Task description -
Below are the records; repeat exactly their lines between the line holding "Samara Weaving sits at a dinner table" and the line holding "WL TOYS K959A ماشین رادیو کنترلی K959", inclusive, skipping the pictures.

Source information -

══════

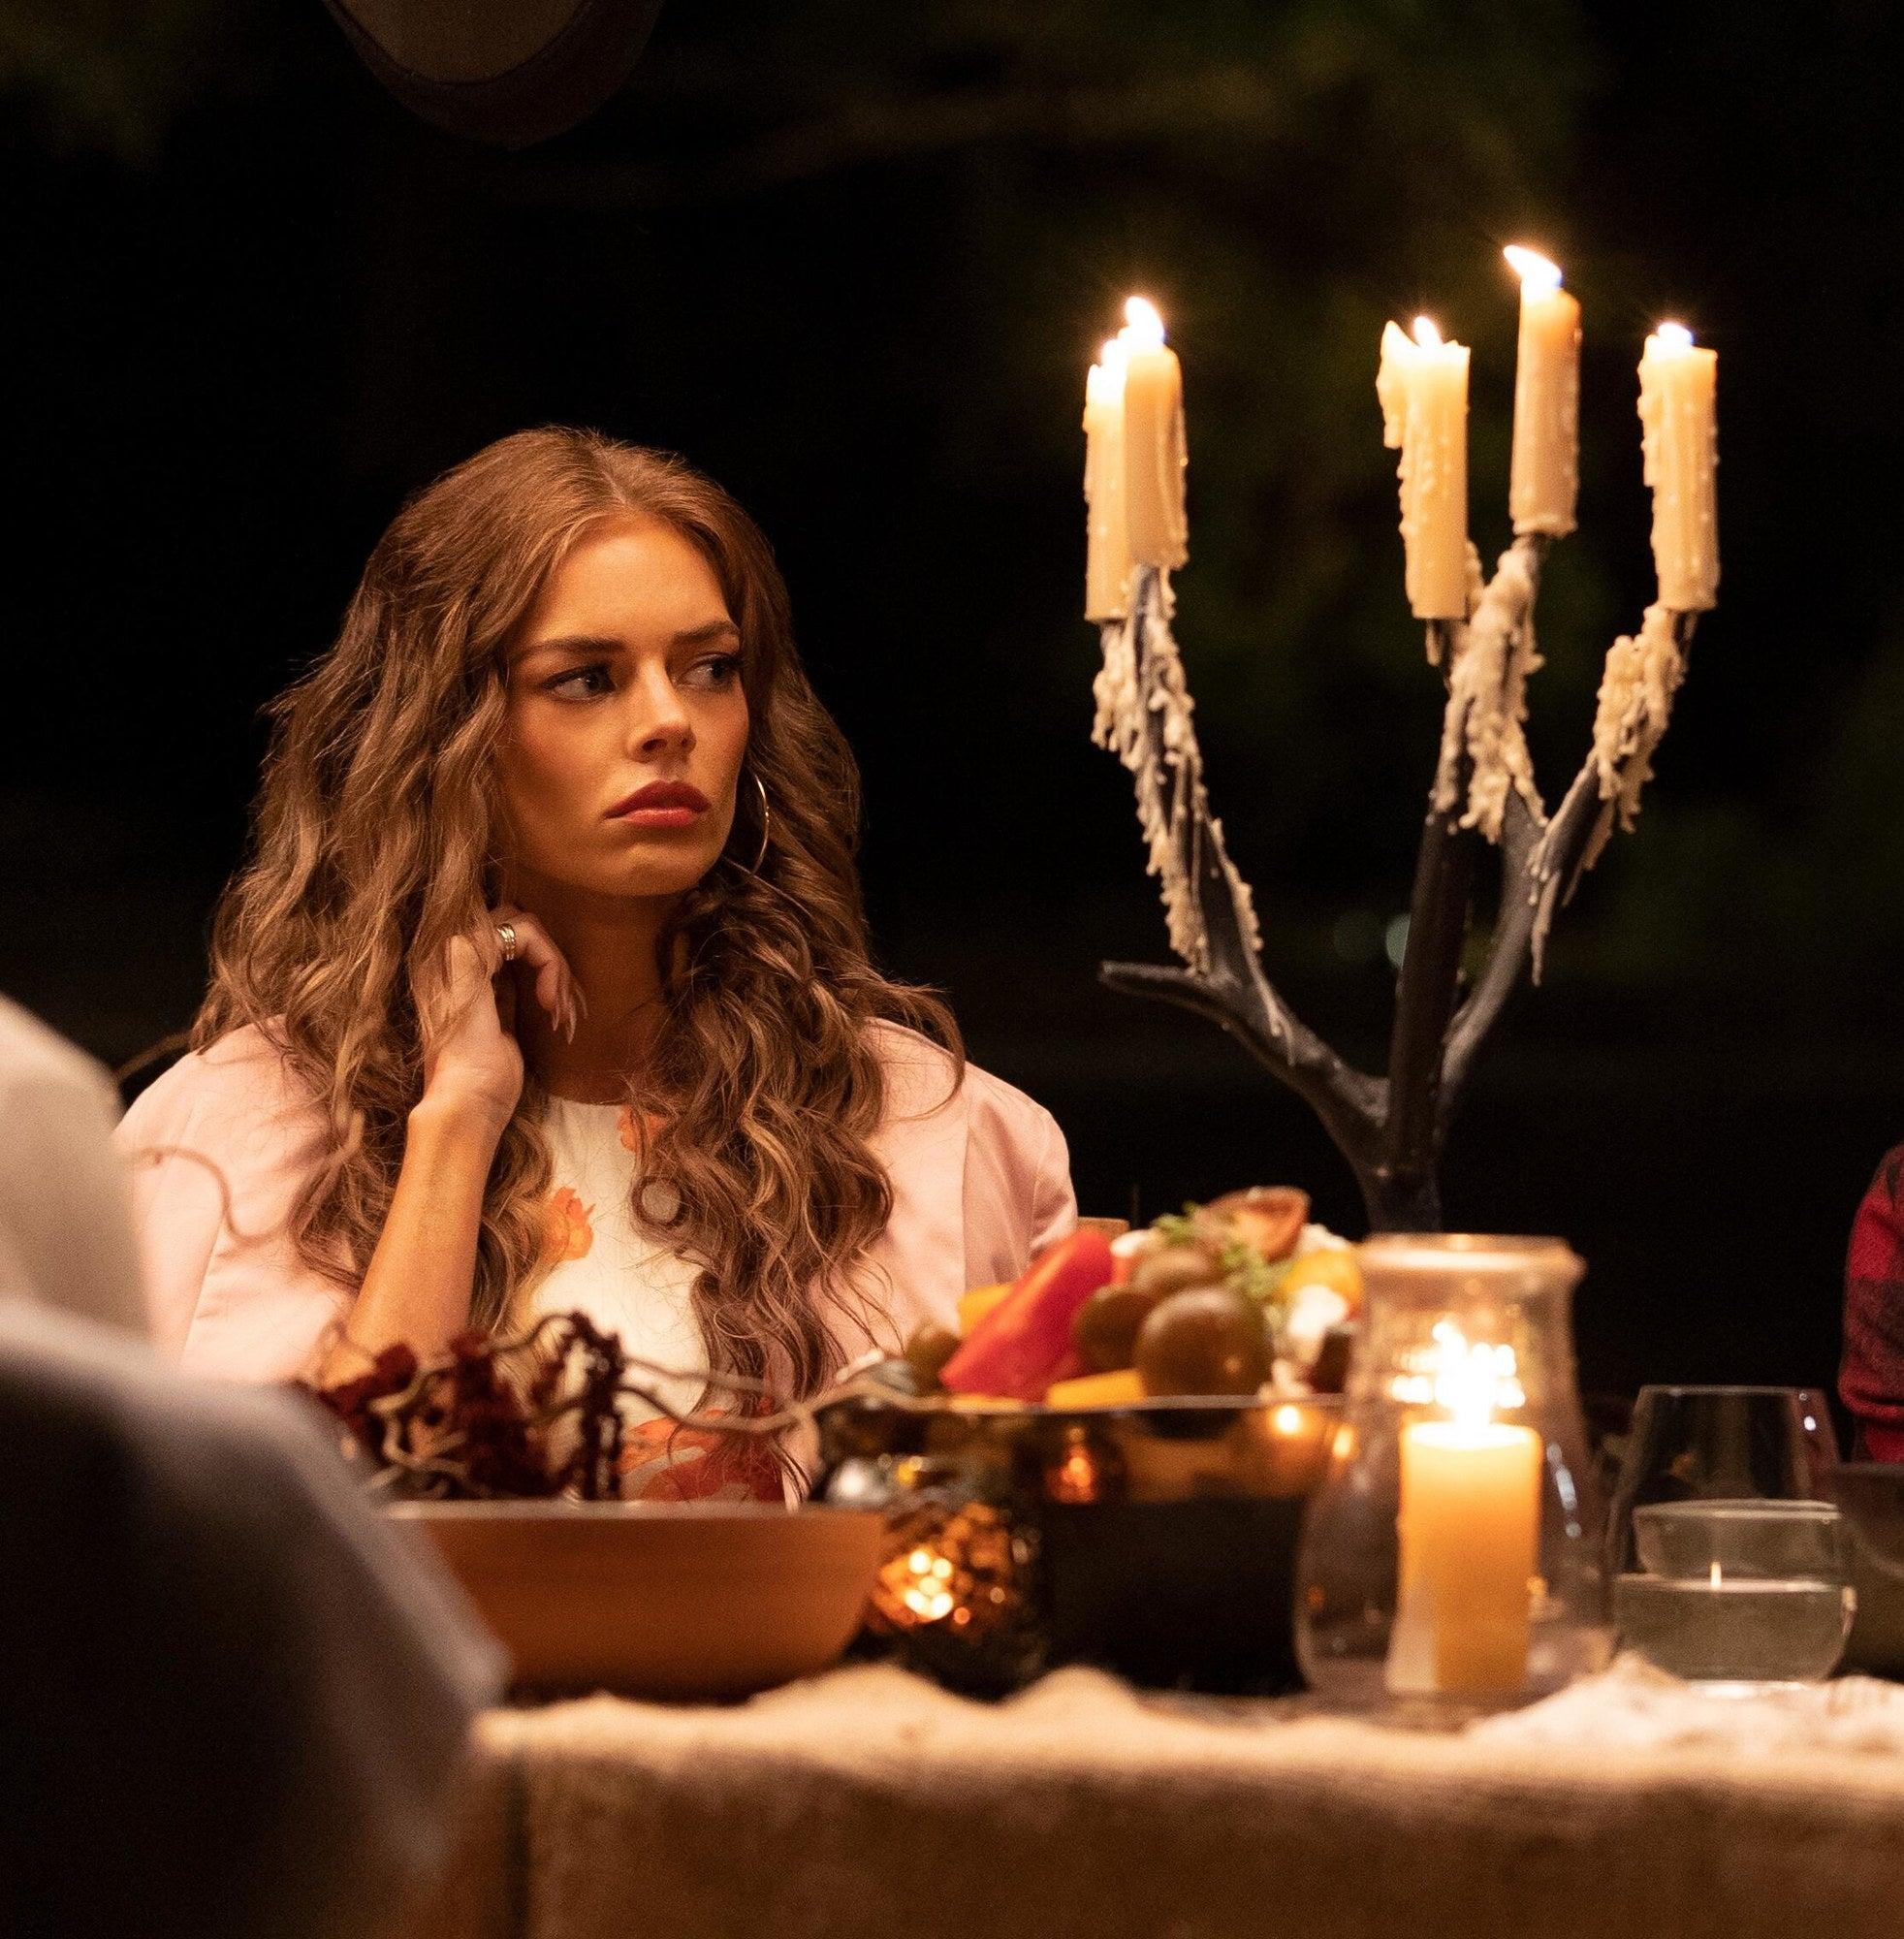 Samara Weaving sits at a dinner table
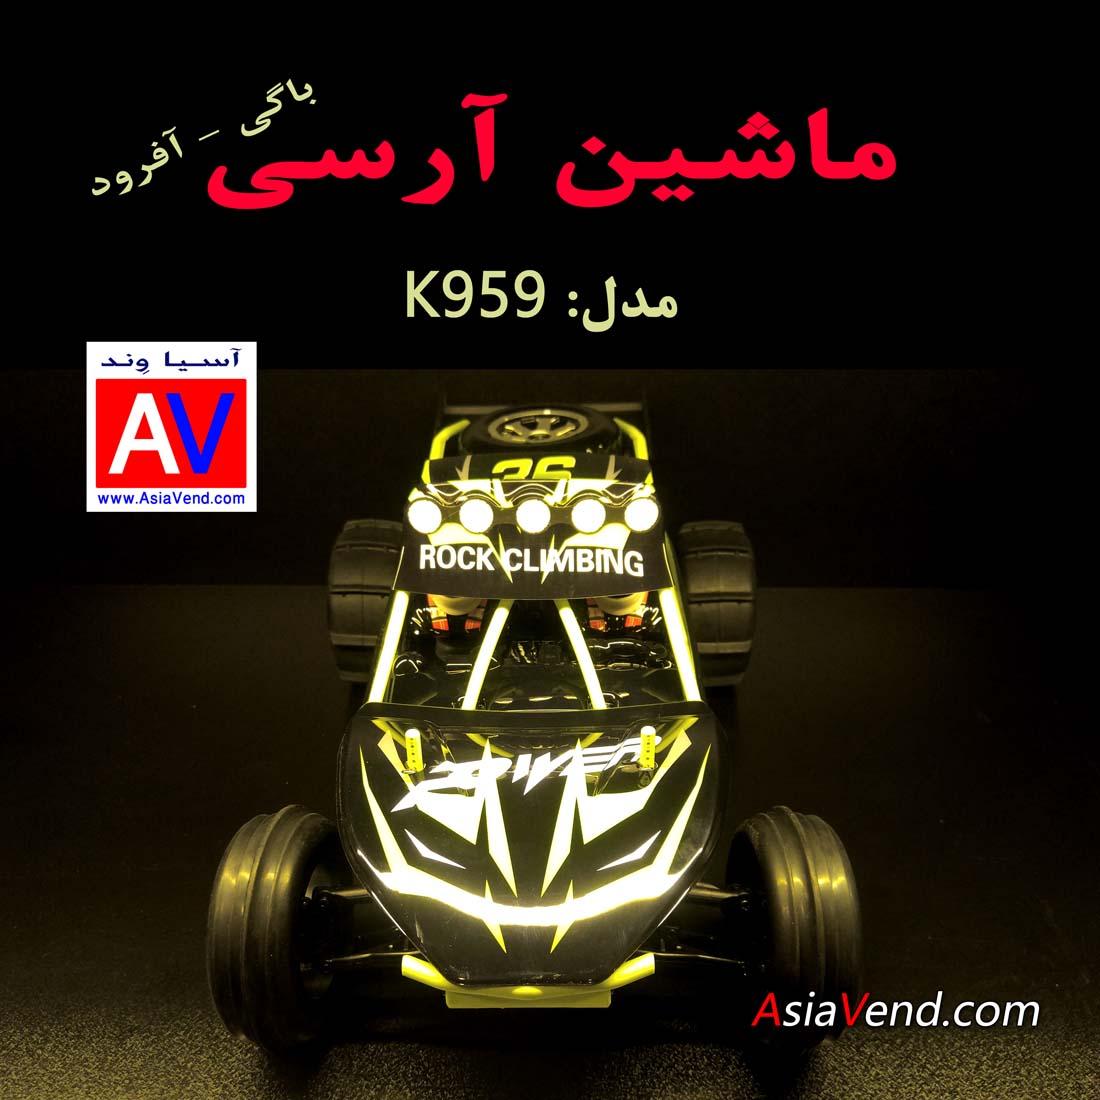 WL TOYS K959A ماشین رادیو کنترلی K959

══════

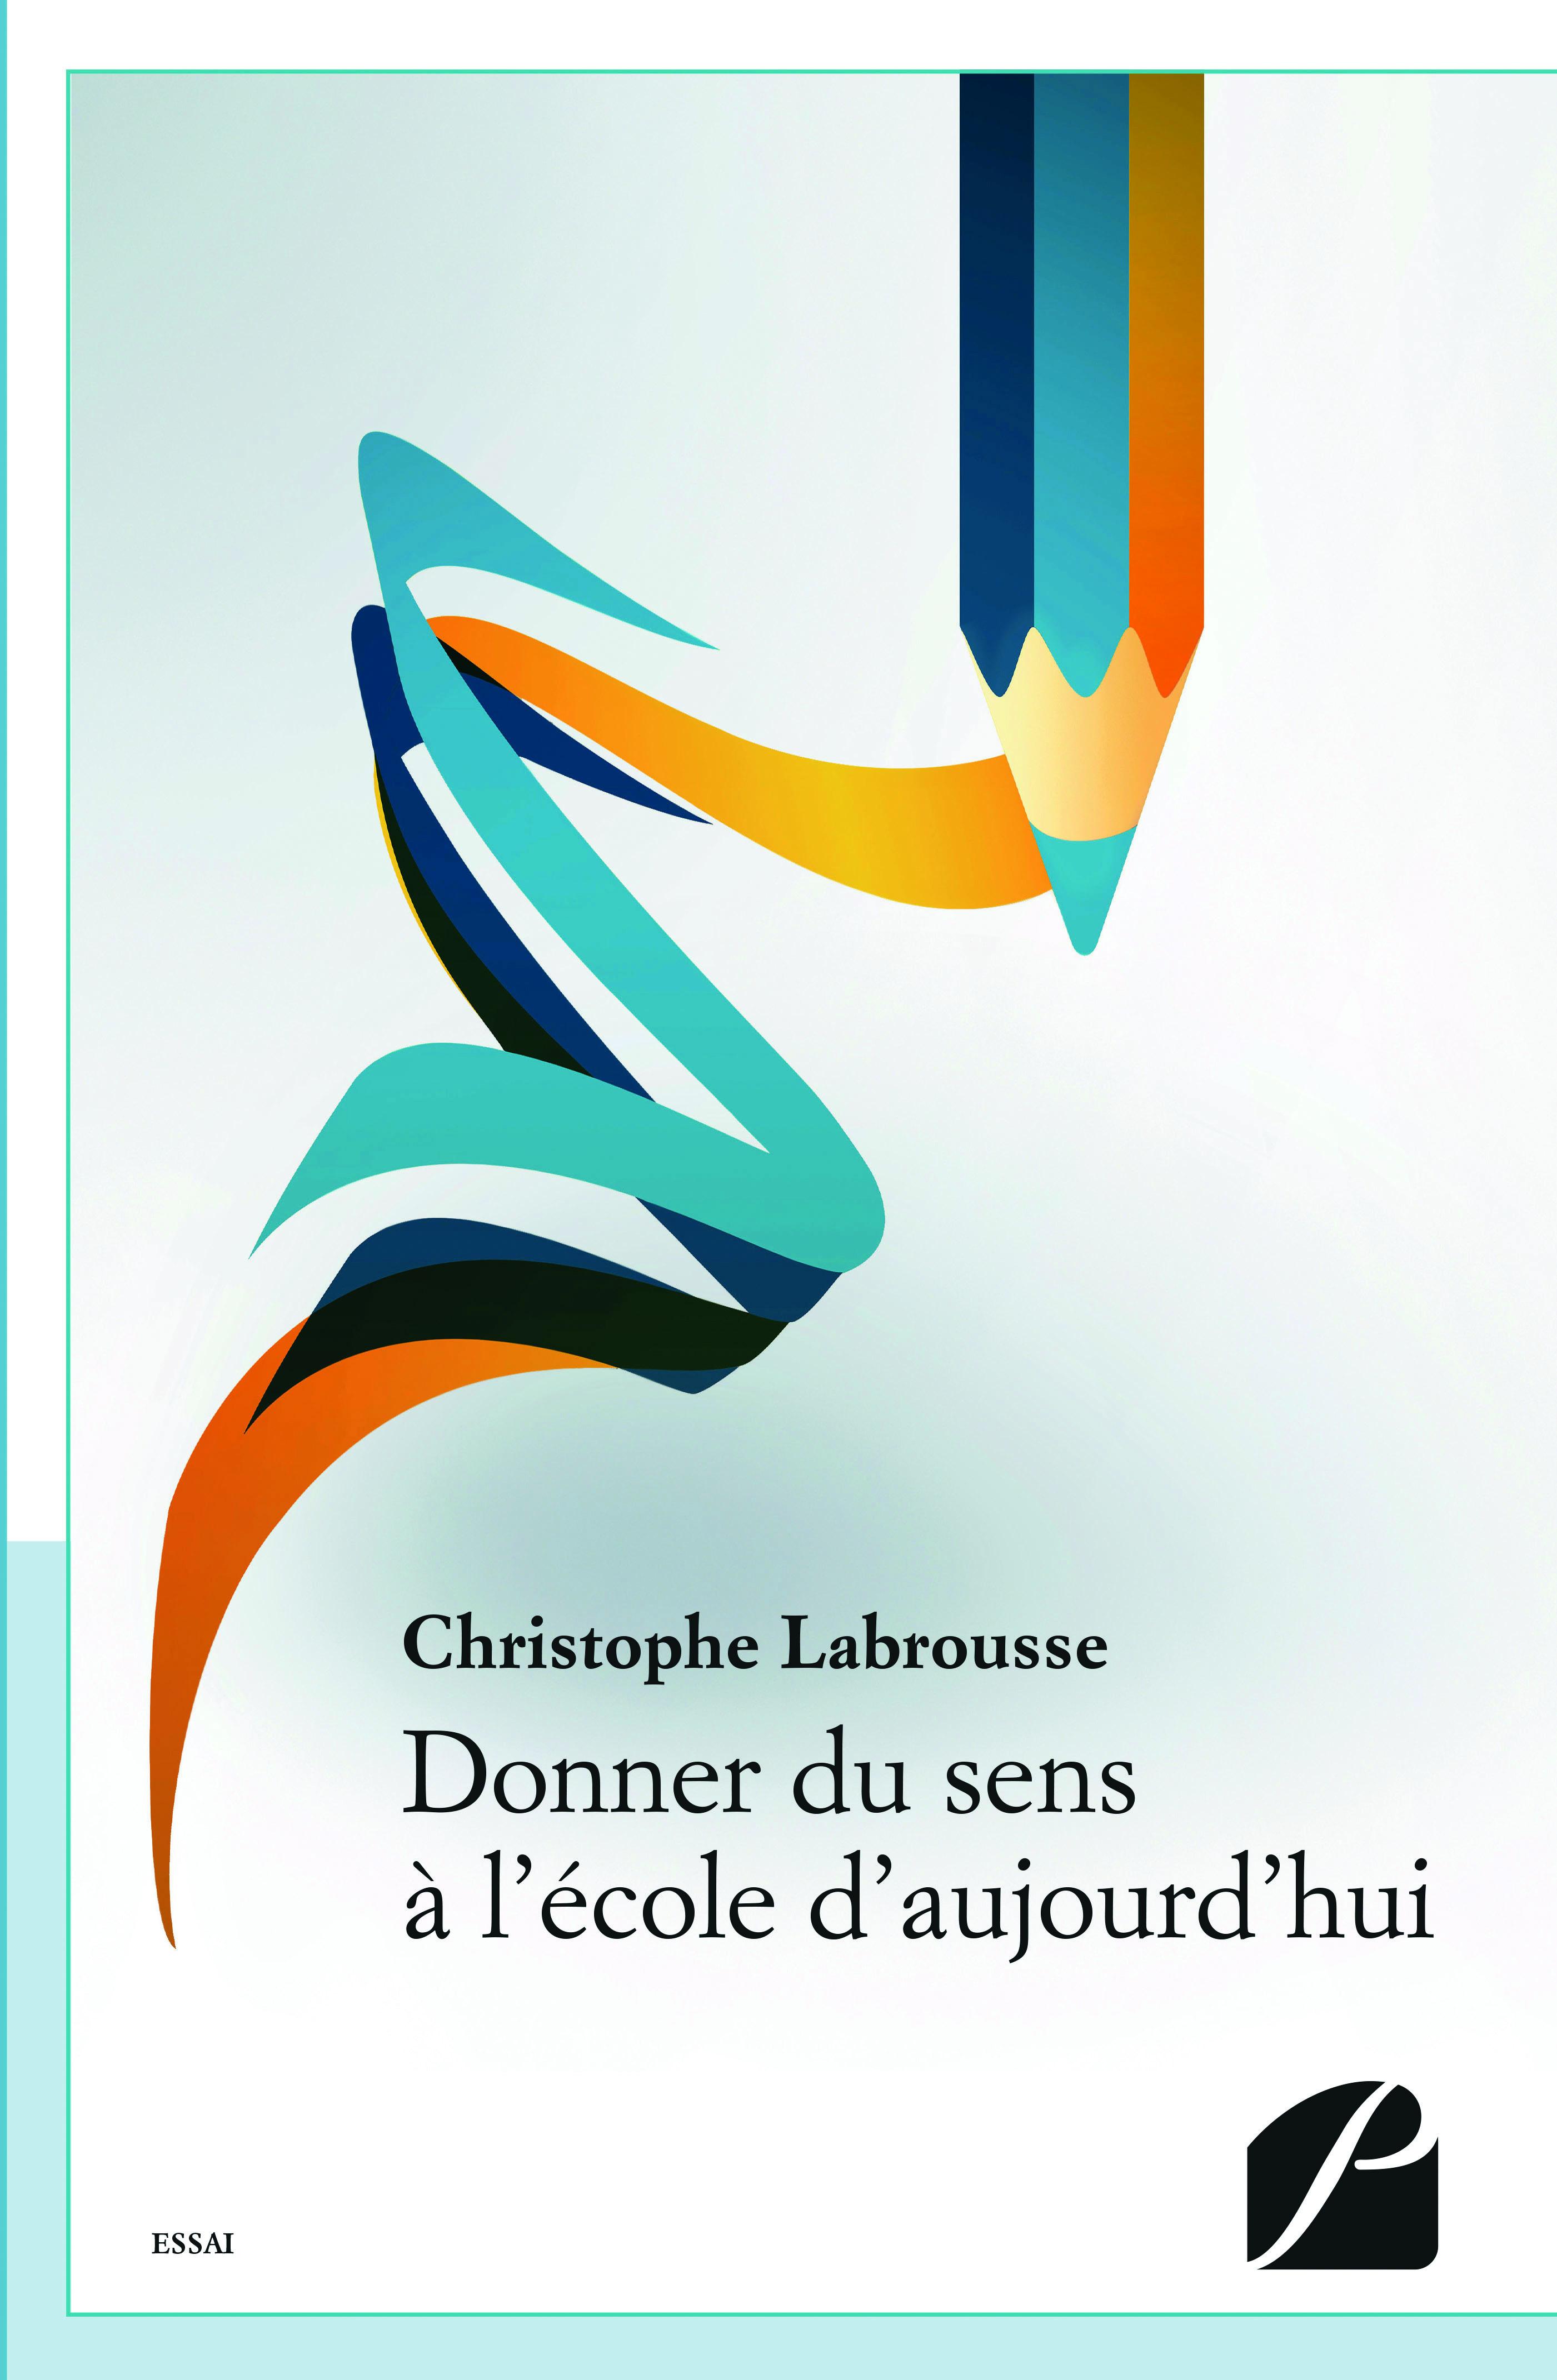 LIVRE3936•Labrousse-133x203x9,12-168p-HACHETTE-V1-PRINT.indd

══════

Exercise answer -
 Samara Weaving sits at a dinner table
 WL TOYS K959A ماشین رادیو کنترلی K959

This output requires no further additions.